北海道の知床沖で26人が死亡・行方不明になった観光船の沈没事故から23日で3年。全国に波紋を広げた知床沖の事故は、遠く離れた坂井市の景勝地、東尋坊の観光遊覧船にも影を落としました。大型連休を前に、東尋坊では、安全安心の行楽に向け備えを進めています。
田島嘉晃アナウンサー:
「知床半島沖で発生した観光船の沈没事故からまもなく3年です。時間が流れ東尋坊の遊覧船の風評被害はなくなったということです」
22日、大型連休を前に福井海上保安署が行った東尋坊の観光遊覧船の安全点検では、海上保安官6人が救命胴衣や浮き輪など緊急時の救命設備を確認したり、運航に必要となる書類の点検を行ったりしました。
福井海上保安署・宮内貴史次長:
「救命設備などを点検した結果は良好。数もそろっているし状態も良かった。(観光客に)東尋坊の絶景を楽しんでもらえるように安全第一で運航してもらいたい」
東尋坊観光遊覧船の岩本大代表取締役は「東尋坊観光遊覧船は50年間無事故。それは日々の覚悟の積み重ね。知床沖の事故を教訓としてこれから同じ過ちを繰り返さないように、おごりなく慎重に誠実に安全運航に努めていきたい」と強調しました。
3年前の春、知床半島沖で発生した観光船KAZUー1の沈没事故では、乗客26人のうち20人が命を落とし6人はいまも行方不明のままです。その直後、東尋坊の観光遊覧船にも風評被害が及び、利用客はコロナ前より3割減少しました。
しかし、2023年は、新型のコロナが5類に移行したこともありコロナ前の水準に復活。さらに2024年は新幹線効果も相まって数字を伸ばしました。
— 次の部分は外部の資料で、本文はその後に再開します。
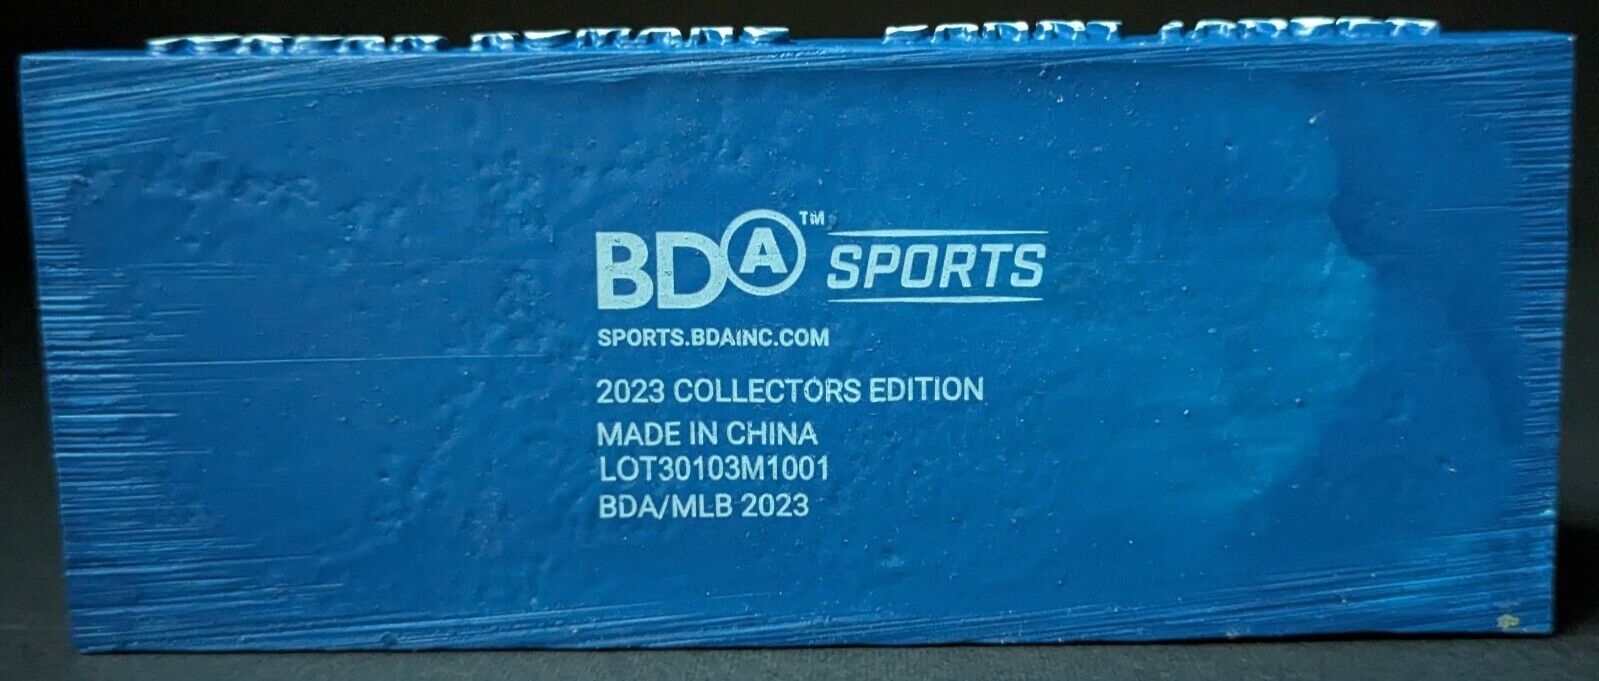 Jordan Romano Toronto Blue Jays Gamebreaker Bobblehead Officially Licensed by MLB

22日に東京から訪れた乗客は「知床沖の事故で行方不明の人がいるのはいつまでも心に残る。事故は深く頭に入っている。事故のことは頭によぎる」と不安を口にします。一方で神奈川から来た人は「この辺りだったら波の次第で大丈夫かなと思った。一度遊覧船に乗ってみたかったので良かった。安心して乗っている。みんな気をつけていると思うし、救命胴衣の説明も、どこの遊覧船もしてくれるので」と話します。
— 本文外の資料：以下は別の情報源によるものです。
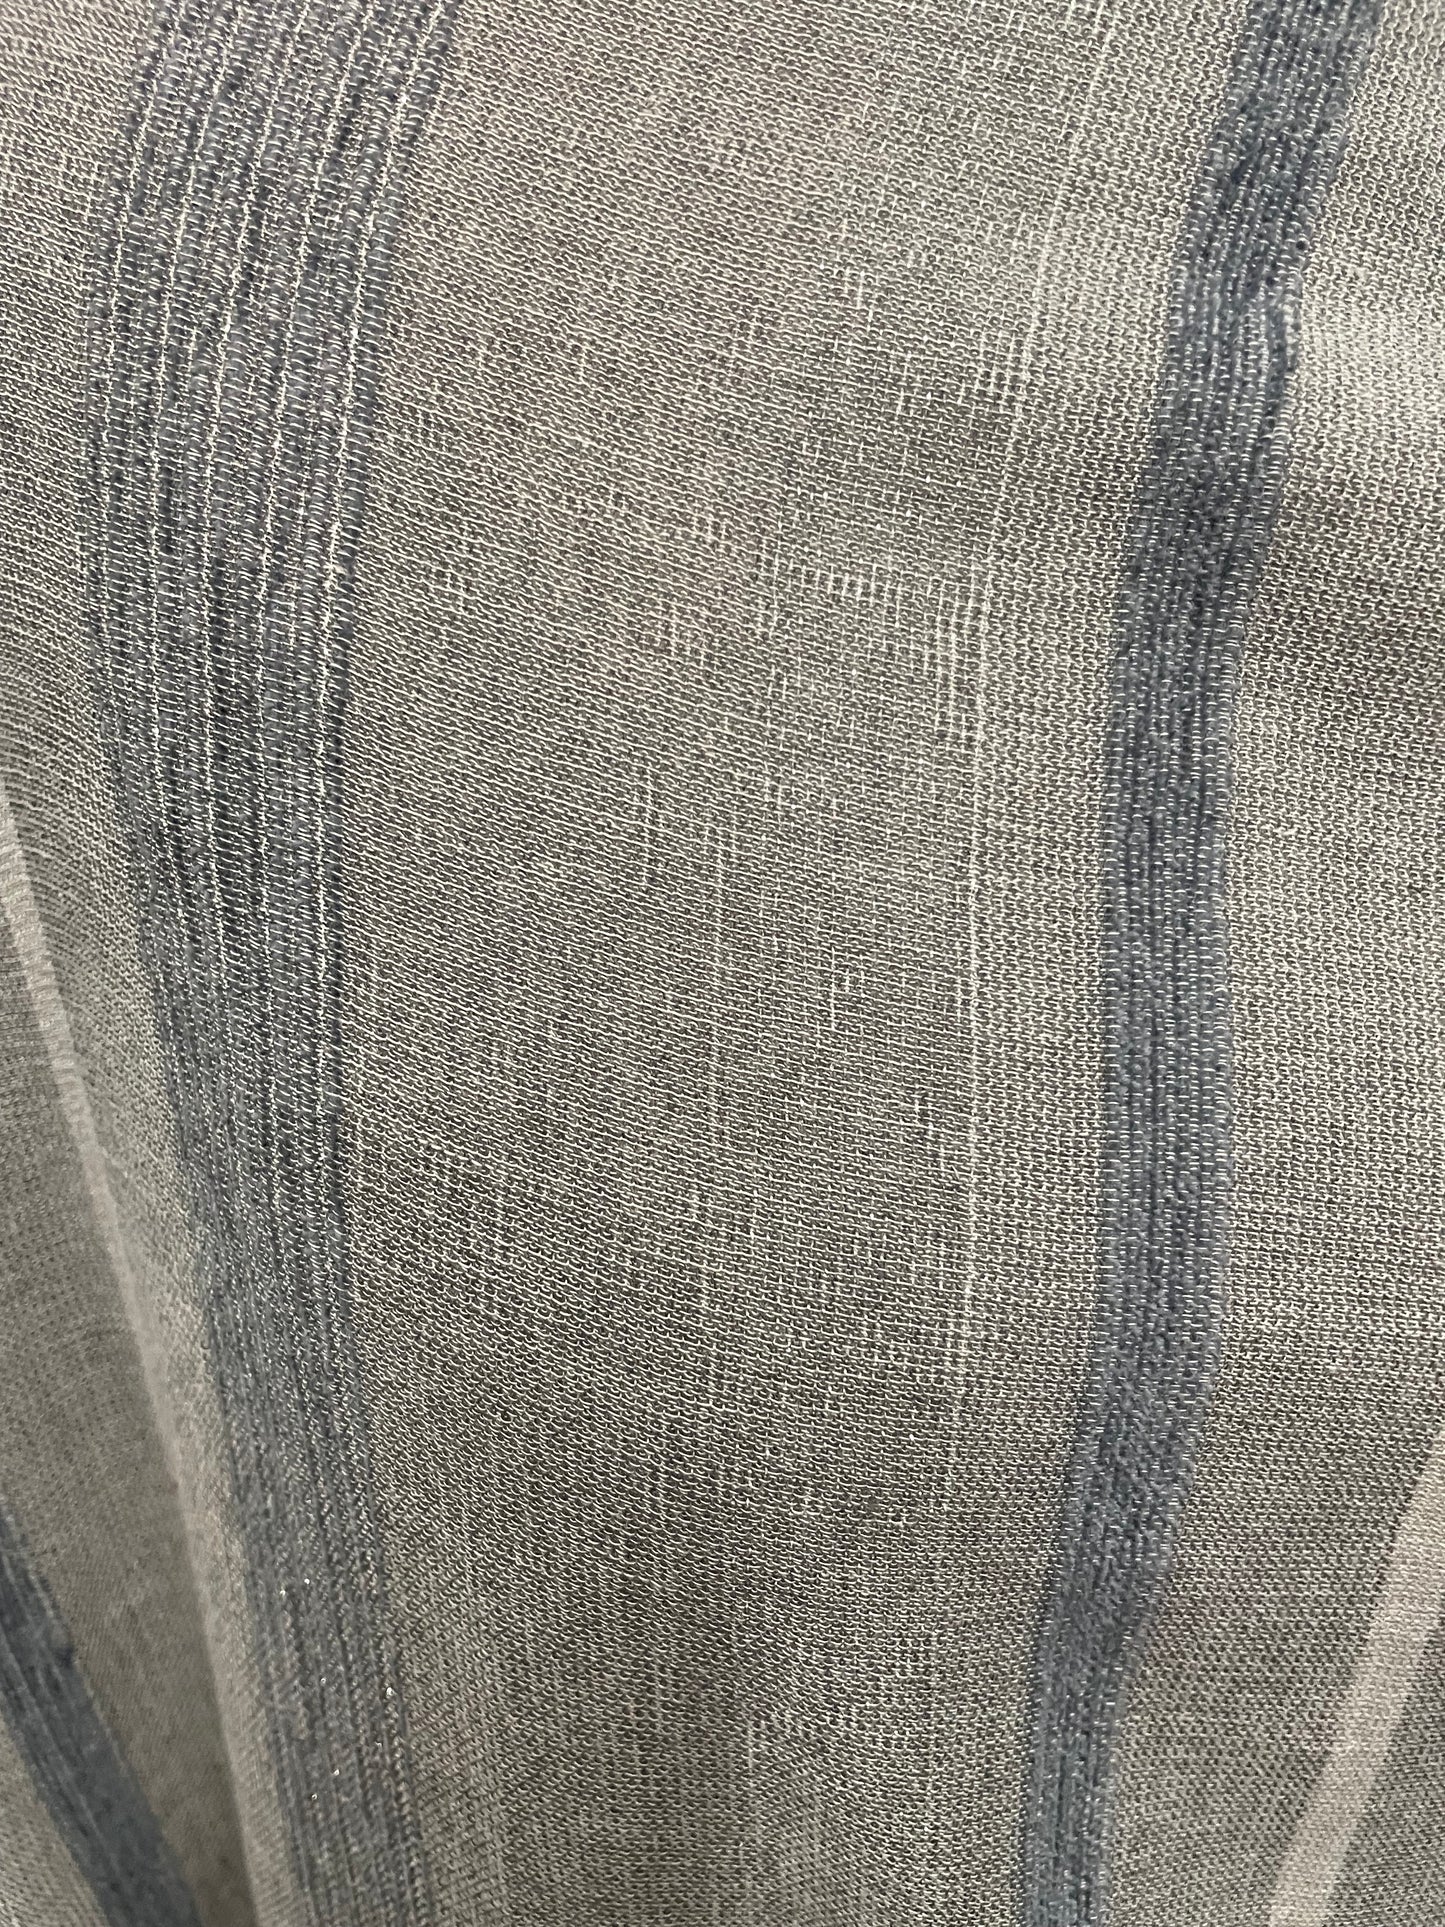 Stripe Print Cotton Voile - Blue, Grey, Off White, Lurex

この3年間、運航会社はSNSを使って安全を訴え続けてきました。東尋坊観光遊覧船
では、「今の時代SNSの広告が結構、効率が良いので、エックスやインスタグラムに力を入れている」としています。
風評被害を乗り越えた東尋坊観光遊覧船では、書き入れ時のゴールデンウィークの集客に大きな期待を寄せています。
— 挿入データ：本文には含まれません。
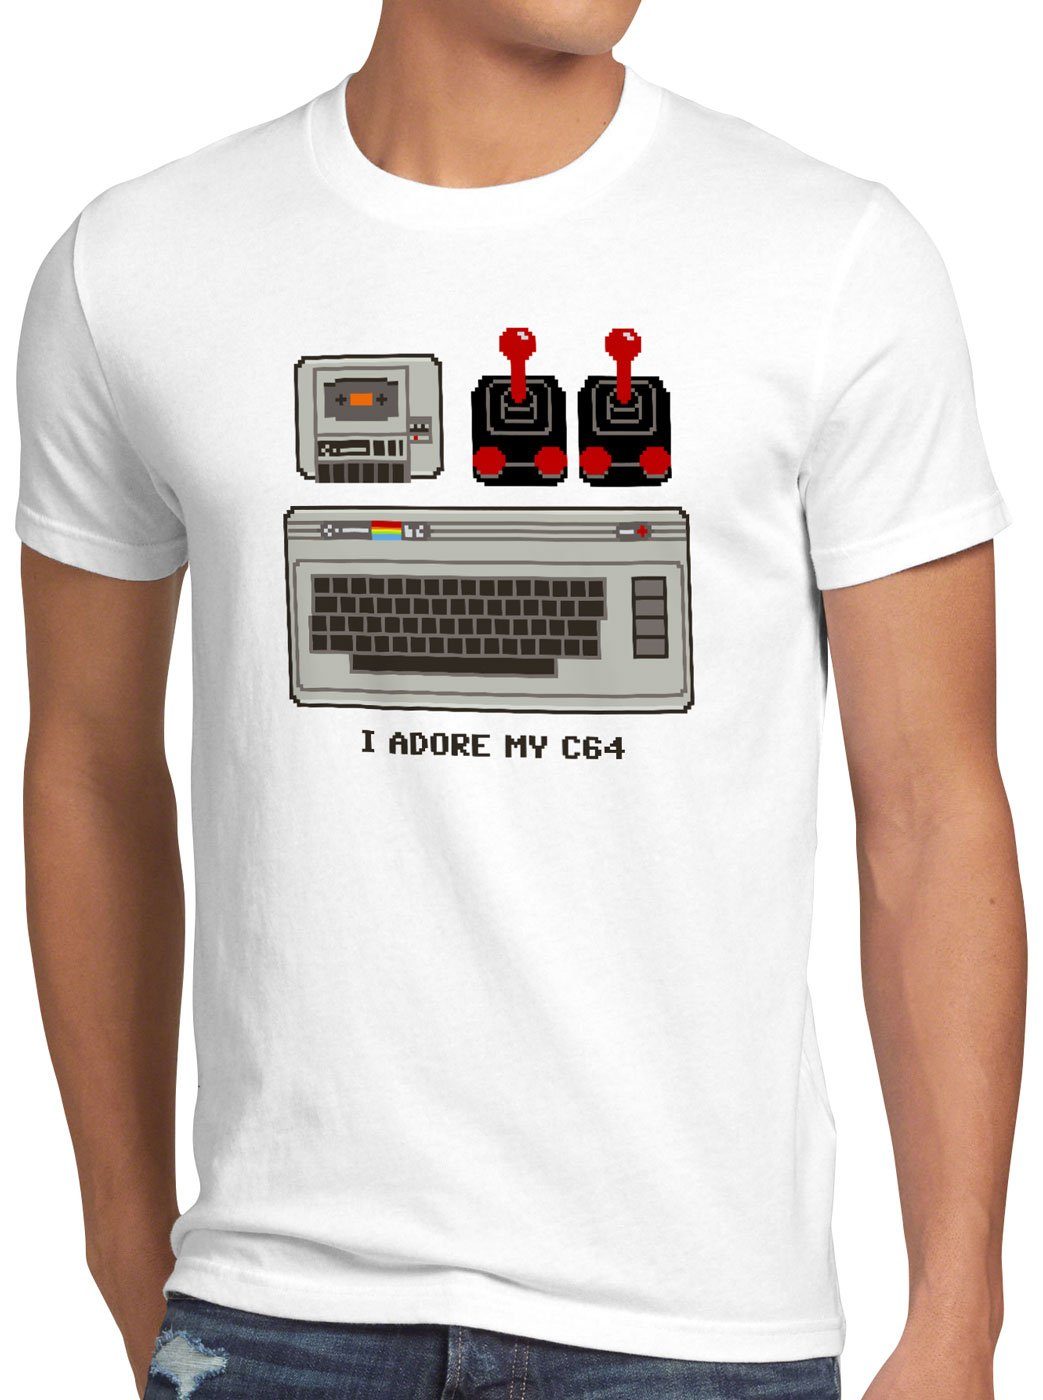 heimcomputer Print-Shirt T-Shirt I style3 classic Herren C64 weiß Adore My

岩本代表取締役は「ウェブサイト上で買える乗船チケットのデータで、関東圏の客が例年より増えていたので新幹線効果が見られる。従来は客の10%が関東圏からだったが、20%を超えるような形になっている(ゴールデンウィークは)1年を通して一番客を迎える大事な時期になるので、一人一人楽しんでもらえるようにしていきたい」と力を込めます。
安心安全の運航へ。新幹線開業効果も追い風に、2025年も多くの観光客を迎える準備を進めています。